Monday, August 22, 2011

CARS 2 - Another Winner for Pixar

CARS 2 (animated adventure in 3D)
Cast (voices): Owen Wilson, Larry the Cable Guy, Michael Caine, Emily Mortimer, Eddie Izzard, John Turturro and Bonnie Hunt
Director: John Lasseter and Brad Lewis
Screenplay: Ben Queen
Time: 105 mins mins
Rating: * * * 1/2 (out of 4)

Finn, Mater and McQueen in Tokyo

PREAMBLE: After watching the utterly childish and shallow Spy Kids: All The Time in the World, Cars 2 comes as an inspiring and refreshing change. The folks at Pixar have always been both creative and wacky - and these elements come to the fore in Cars 2. It is a movie that will not only delight the kids but will also dazzle the grown-ups.

SYNOPSIS: As usual, before we get to the main feature, Pixar serves up a little appetiser in the form of a Toy Story short about Ken and Barbie's 'Hawaiian Holiday'. And after the seven-minute 'quickie', we plunge into the 60's-styled espionage setting as British agent Finn McMissile (Michael Caine, voicing for an Aston Martin) infiltrates and records some night time events at an oil rig. The main plot involves Lightning McQueen (Owen Wilson) being 'persuaded' by his tow truck buddy Mater (Larry the Cable Guy) to compete in the World Grand Prix, a tripartite tournament across Japan, Italy and London, to test a new fuel created by Sir Miles Axelrod (Eddie Izzard).

In Japan, Mater is mistaken by Finn and his sidekick Holley Shiftwell (Emily Mortimer) for an American agent and he gets embroiled in a hunt for a camera with hidden powers.

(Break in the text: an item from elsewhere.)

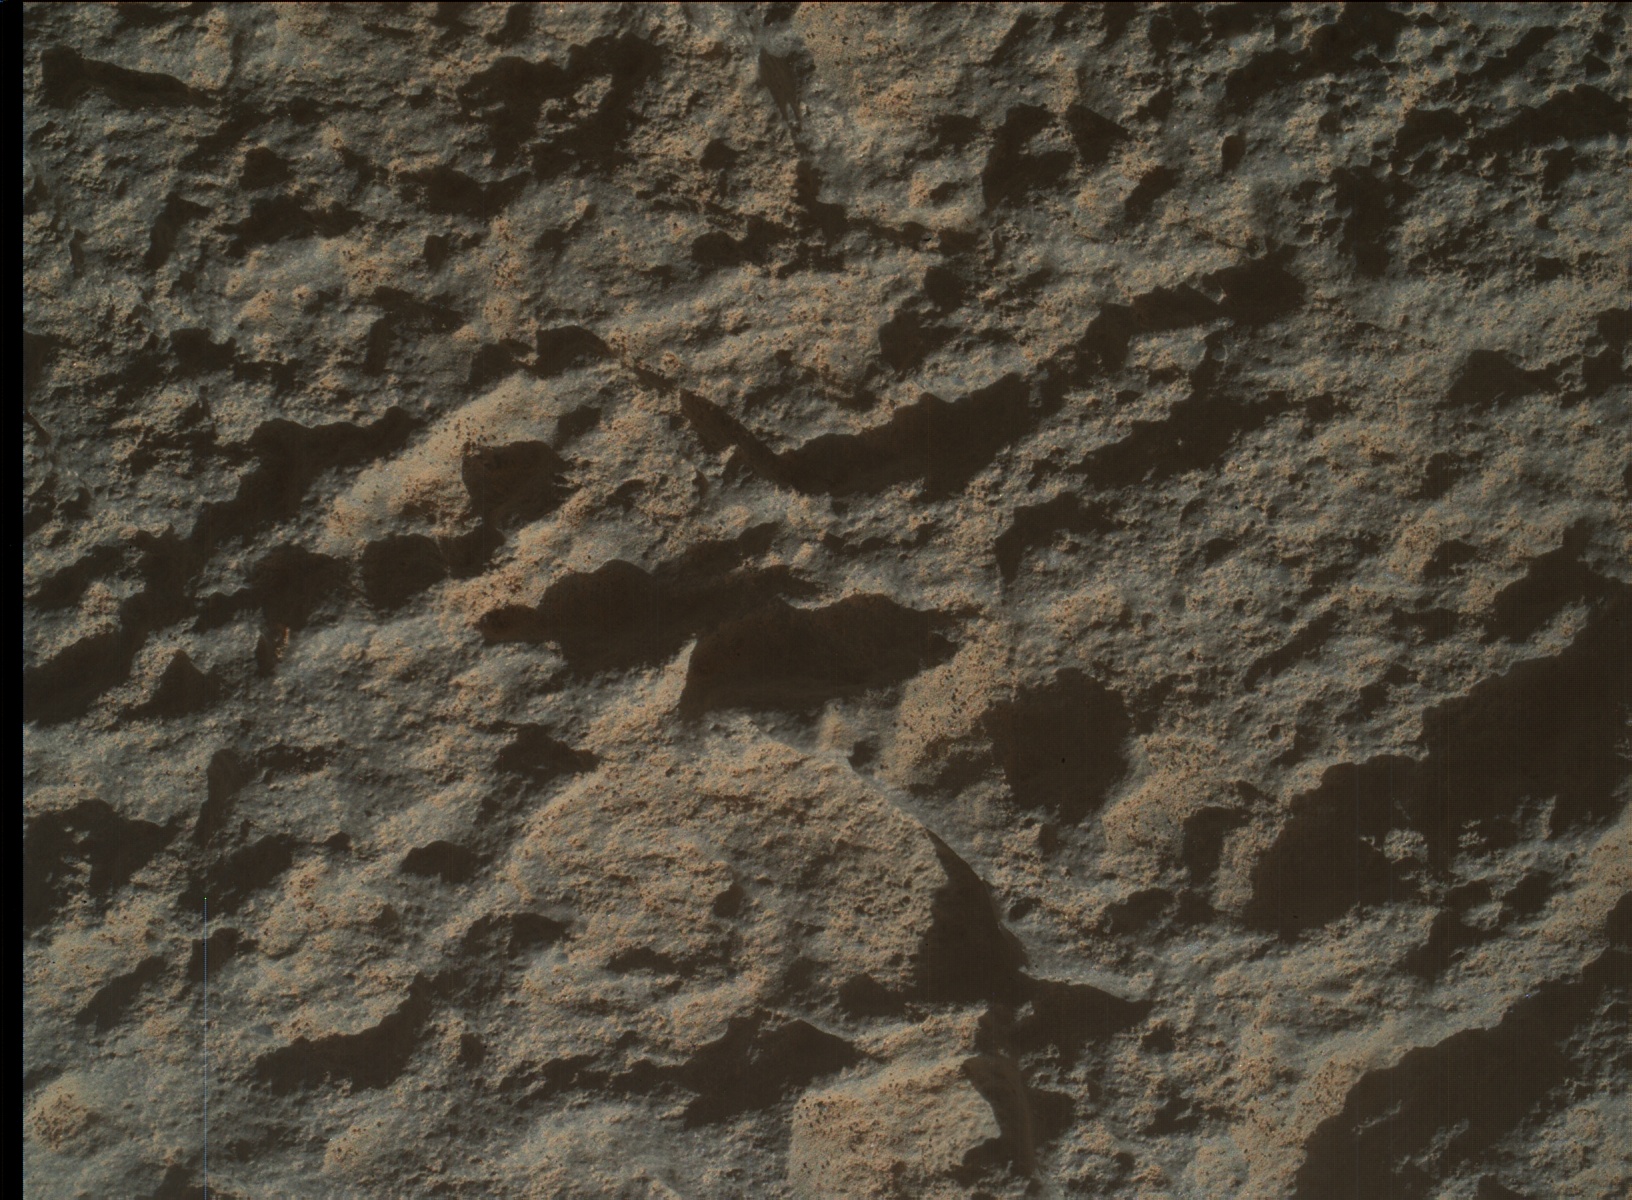 Nasa's Mars rover Curiosity acquired this image using its Mars Hand Lens Imager (MAHLI) on Sol 3316

HITS & MISSES: Cars 2 is not only an improvement on the original, it brings new life to the 'cars with human personalities' animation concept. And true to its Formula One racing subplot, director John Lasseter and his team keep their feet on the accelerator, revving up the action into almost a frenzy and adding on some of the most visually inspiring sights. While the first movie is centred around American cars and the iconic Route 66, Cars 2 takes on an international flavour with an eco-saving theme about alternative energy. It entertains the kids and keeps the adults thinking as well.

The espionage plot isn't as complex as a spy story should be but then it should be obvious that the plot is not the main attraction for the viewers. The big deal are the visual treats, the clever puns and gags 'embedded' in the animation. These are enhanced by the 3D effects but they should work just as well for 2D. The 'car-acters' are nicely rendered (thanks to an accomplished voice cast like Caine and Mortimer) and cities like Tokyo, Rome and London, are pictured in all their historical and neon glory.

THE LOWDOWN: I see this one as a 'collector's item' - destined for the DVD shelf when the Blue-Ray issue arrives.